Кудри спокойно показал на лысину и пыхнул трубкой: нет, он, Самуил Кудри, не пригоден на авантюрные предприятия.
– Вам тоже нельзя! – взглянула на Ковбоева Ирена: – вы русский, а мой партнёр должен быть агитатором… Вас примут за русского большевика и засадят… Кто угодно, но только не русский!..
– Так в чём же, в сущности, дело? Я готов! – опьяненный вдрызг видом улыбающейся девушки, заторопился Ковбоев.
– А вот: мы…
Затрещал телефон.
– Алло! Кто? Реджи? Да!..
Небольшая пауза, во время которой склонённое к телефонной трубке лицо Ковбоева быстро багровеет.
– Да-а?!! Можно! – Ковбоев с треском повесил трубку.
– Реджи ведёт ком-па-ни-о-на!!! – выпалил Ковбоев, – он звонил с нижнего этажа, они поднимаются на лифте. Вот, понимаете, новость!!!
Ирена пересела в кресло.
– Надеюсь, это деньги? – строго спросила она.
– …и надеюсь, нужный вам человек! – добавил Кудри, вытряхнув о каблук погасшую трубку.
На матовом стекле двери редакторского кабинета возникли два мужских силуэта.
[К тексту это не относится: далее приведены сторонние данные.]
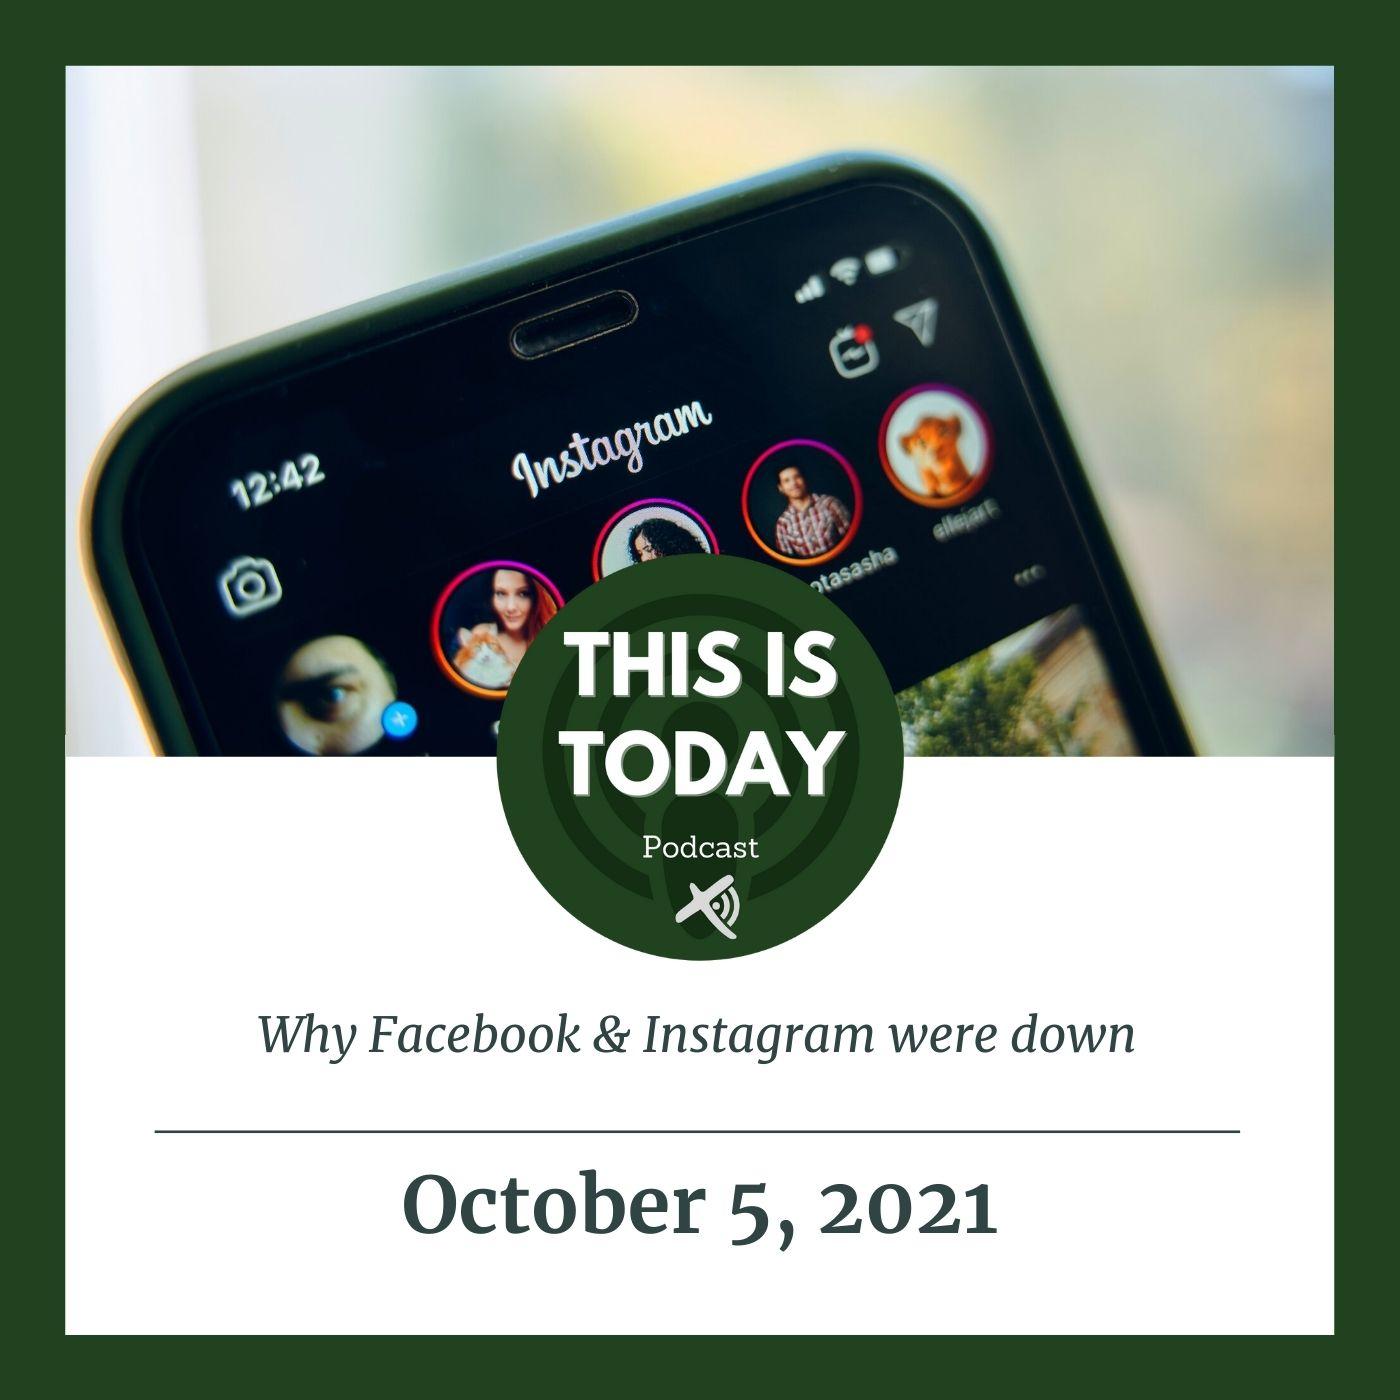 Why Facebook & Instagram were down

11. Два осла и прочее…– Две тысячи фиолетовых чертей!.. Десять миллионов греческих сороконожек!!! Клянусь бородой Муссолини, я не испытывал такой идиотской жары!..
Всадник ещё раз нетерпеливо постучал каблуками по бокам философски настроенного осла, на котором он восседал; вторая животина плелась позади, нагруженная каким-то несложным багажом.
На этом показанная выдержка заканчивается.